Уже стемнело, когда бронепоезд прибыл на станцию Тихорецкая – сюда командарм Сорокин собирал свое потрепанное, морально надломленное воинство. Бывший казачий офицер, подъесаул, он слабо разбирался в вопросах тактики и привык больше полагаться на собственную храбрость. В шелковой малиновой рубахе, на взмыленном коне, увлекал он эскадроны в атаку, лично расстреливал паникеров и трусов, хлебнув из фляжки девяностопятиградусного спирта, произносил такие речи, что красноармейцы ревели подобно буйволам, кусаемым слепнями за нежные места.
Сейчас Сорокин, матерясь так, что пена выступила на губах, осматривал остатки своей четырнадцатитысячной армии, и красивое лицо его с висячими усами и большими, горячечно блестящими глазами стало мертвецки бледным. Было с чего.
Бронепоезд между тем встал неподалеку от пакгауза, на четвертом пути, другие были заняты санитарными составами, вагонами с огневым снаряжением и фуражом, солдатскими эшелонами – пульманами, платформами, ободранными, с несмазанными осями и проломленными боками краснокирпичными теплушками.

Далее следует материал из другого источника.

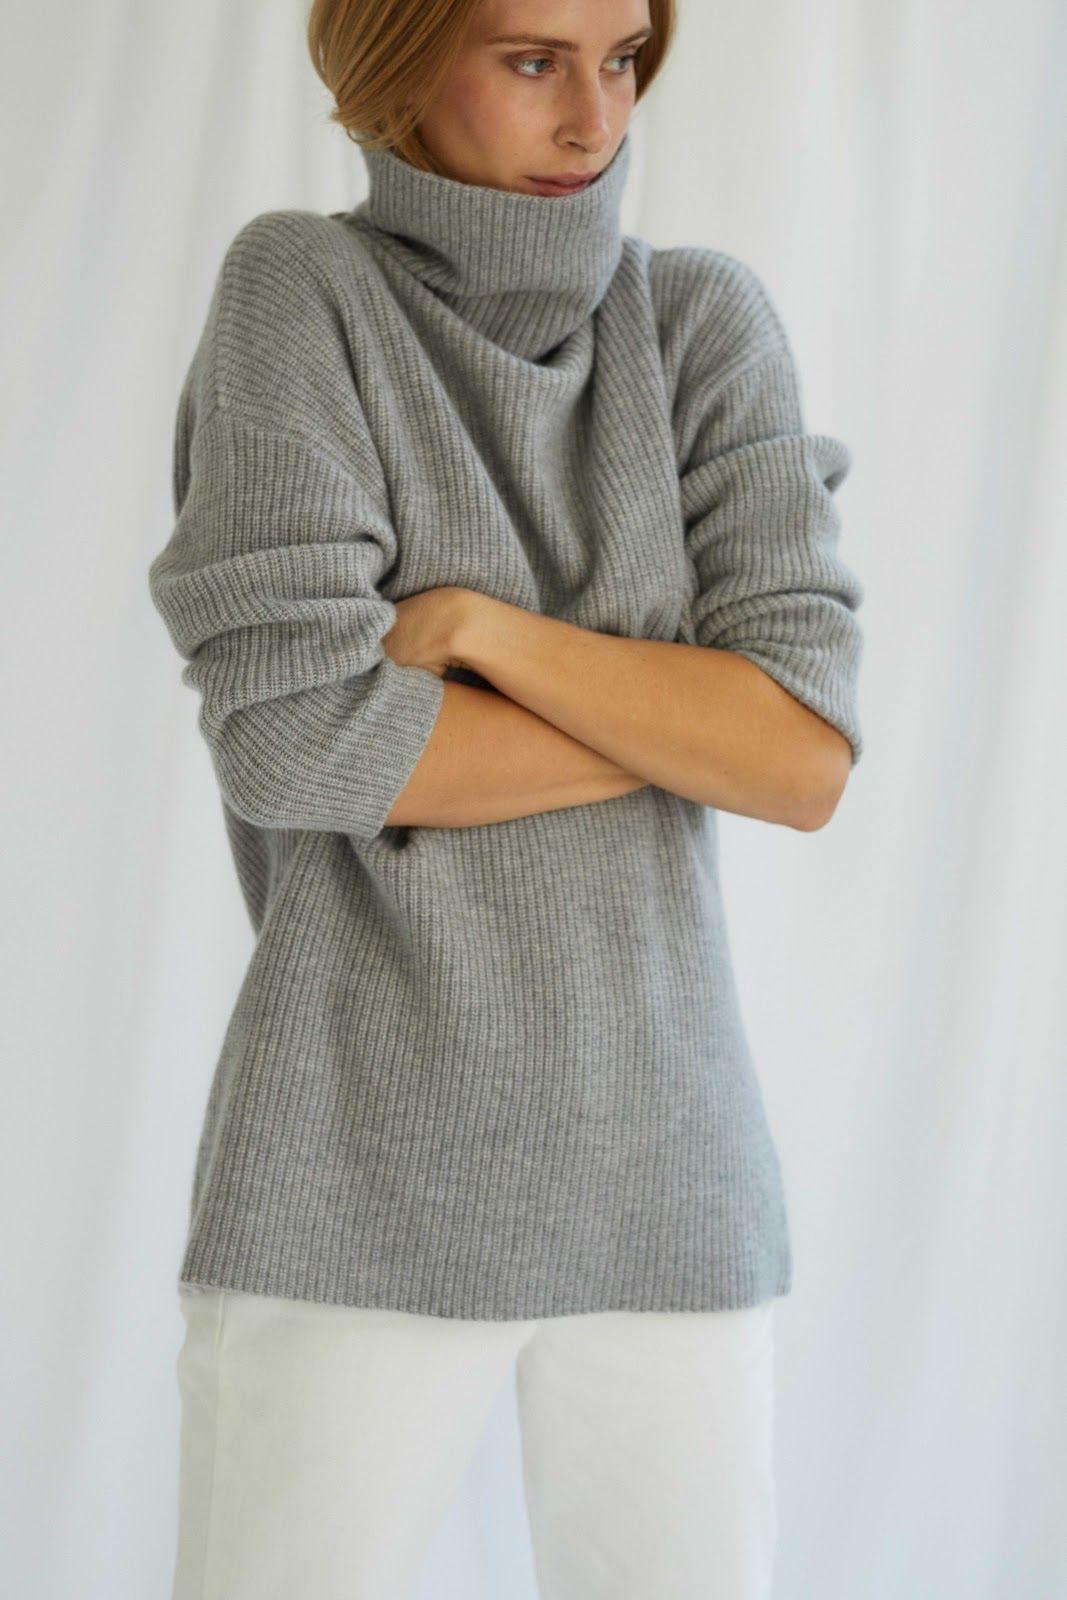 Oversized Rib Sweater

Станция была залита светом костров, сотни их полыхали вдоль рельсов – жгли железнодорожные щиты, жирно коптящие шпалы, выломанные из заборов доски. Злые, измученные люди жадно хлебали дымящееся варево, торопясь, ныряли ложками в ротные котлы. Уже во рту все обожжено и глотать больно, но отставать нельзя – а ну как повезет и попадется ошметок мяса, его под завистливые взгляды можно спрятать в карман и потом в одиночестве спокойно съесть.
Гудели, сгоняя вагоны, маневровые кукушки, стонали, умирая, раненые, воздух был пропитан паровозной гарью.

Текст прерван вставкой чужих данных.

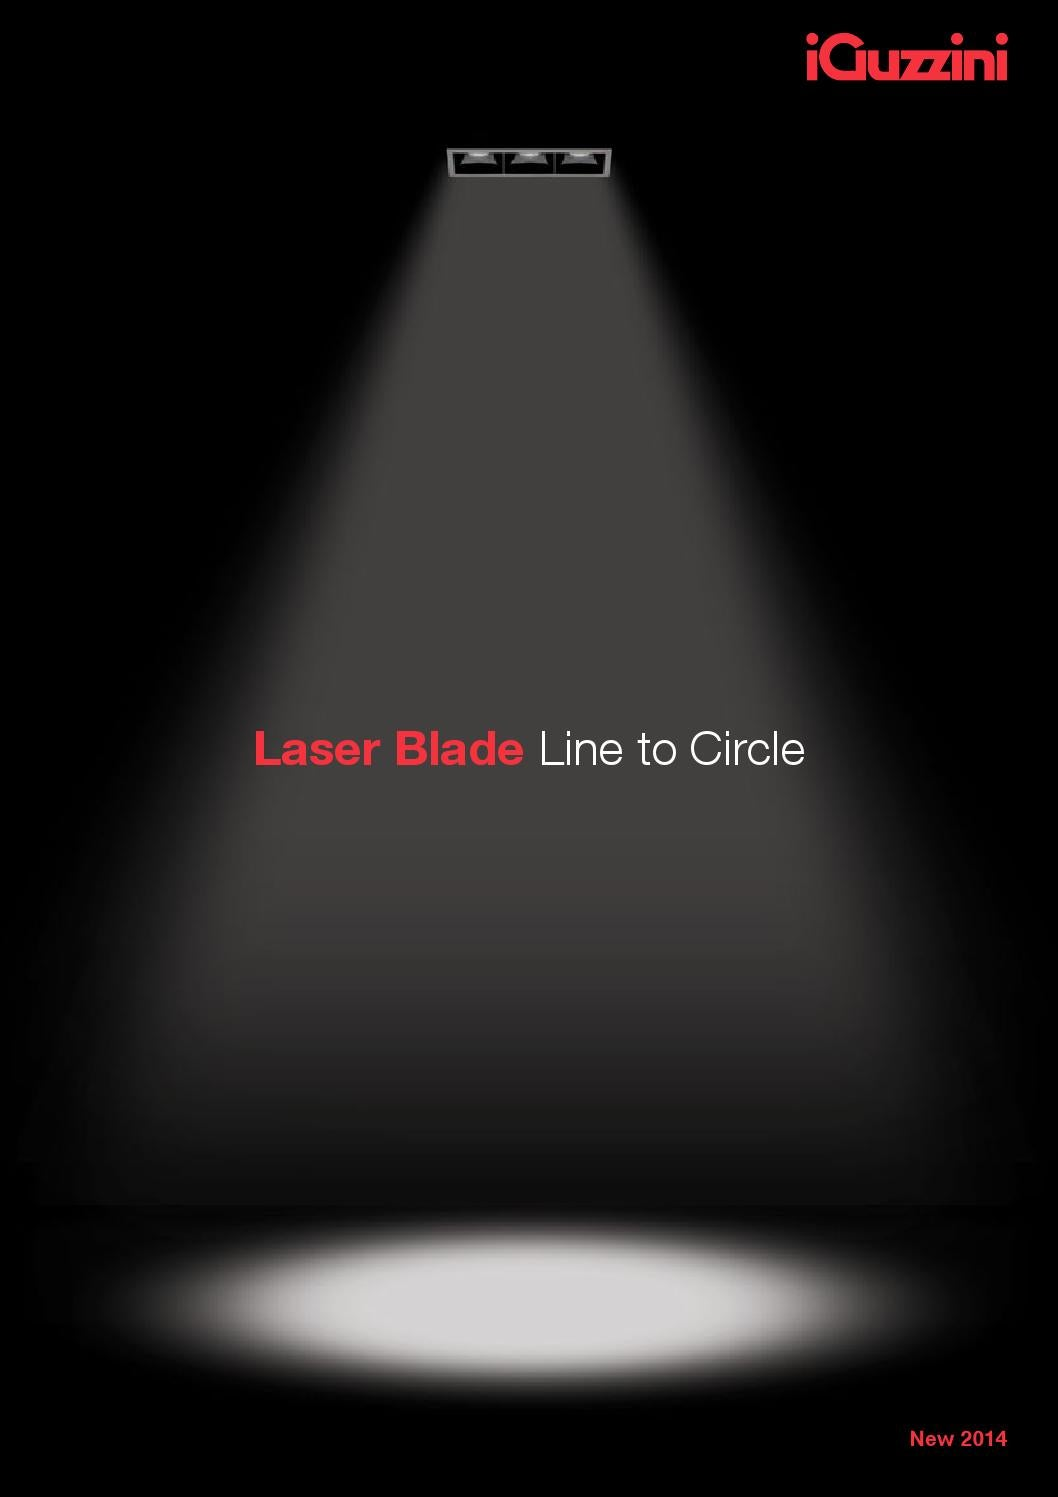 Laser Blade | Line to Circle. 2014 EN by iGuzzini illuminazione - issuu

Шитов, повеселев, оглянулся на Сяву, глаза его засветились похабством:
– А не потралить ли нам, братишечка? Время лотами глубины мерить…
Он сделал понятный жест и, с силой отодвинув блиндированную дверцу, спрыгнул с подножки на истоптанный снег.

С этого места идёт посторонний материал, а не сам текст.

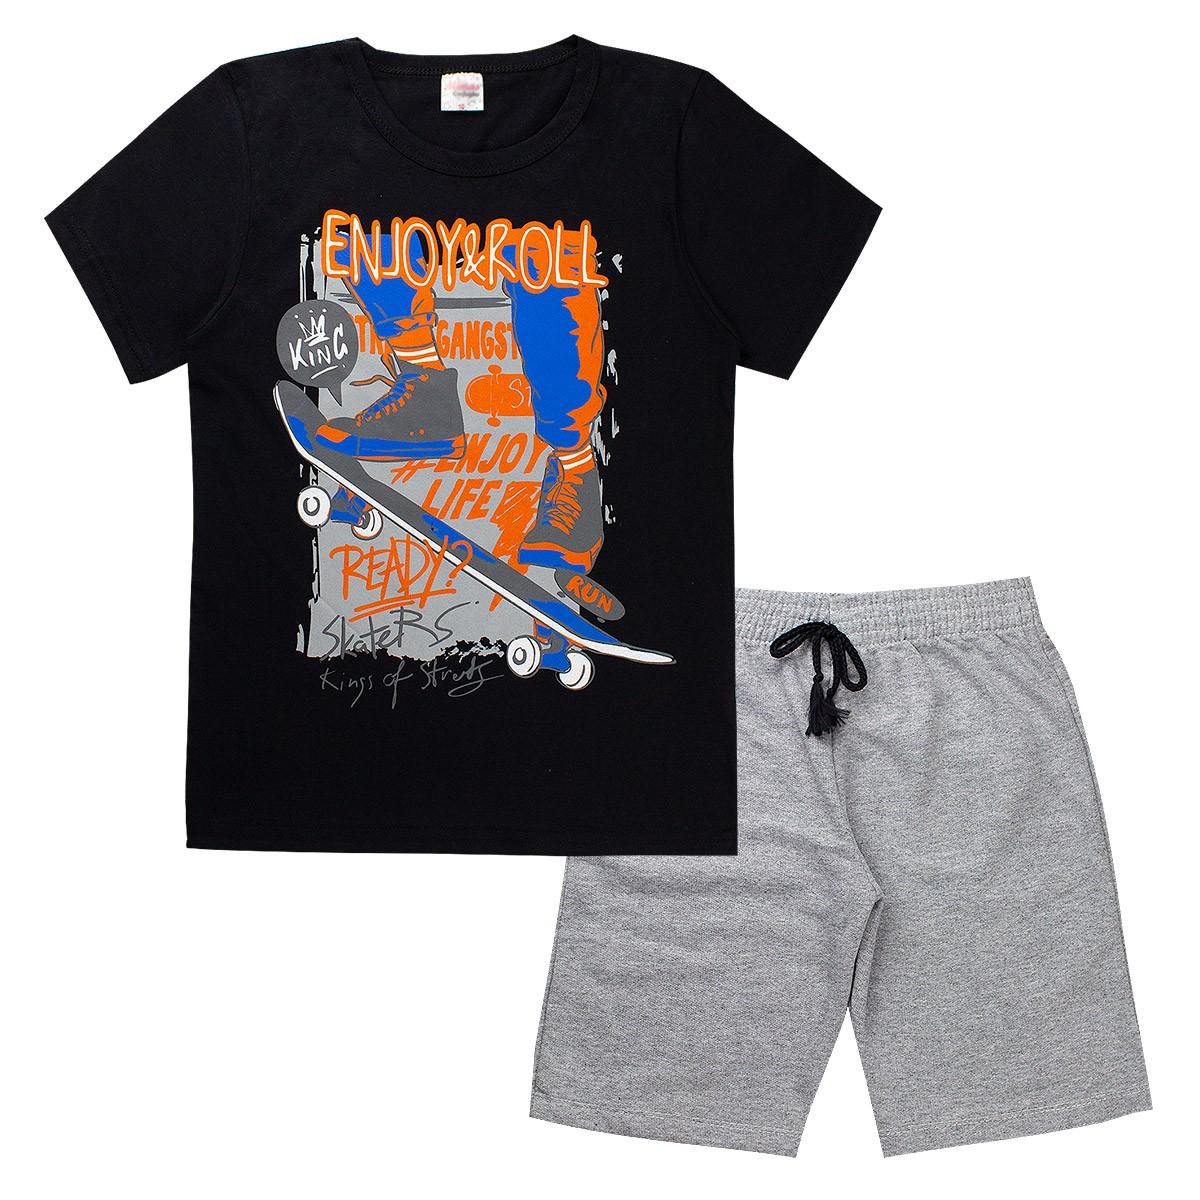 Conjunto Infantil/Juvenil Enjoy & Roll Preto Moderna

– Сыпь скорее, не май месяц.
Кузьмицкий молча проводил их взглядом – говорить бесполезно, легче расстрелять, – с пререканиями выставил охрану и, получив с наручным письменный приказ из штаба, отправился к себе в пульман спать. Хотелось побыстрей закрыть глаза, чтобы не видеть весь этот балаган.
Однако спокойно поспать не пришлось, разбудил его резкий, сразу смолкнувший крик. В купе по соседству слышалась возня, раздавались удары по живому, раскатистый громкий смех, забористая морская ругань. Перегородка, к которой крепился диван, словно в шторм, ходила ходуном. «Перепились, сволочи». Кузьмицкий на ощупь зажег «летучую мышь», обувшись, вышел в коридор и по-хозяйски, без стука, сдвинул дверь соседнего купе.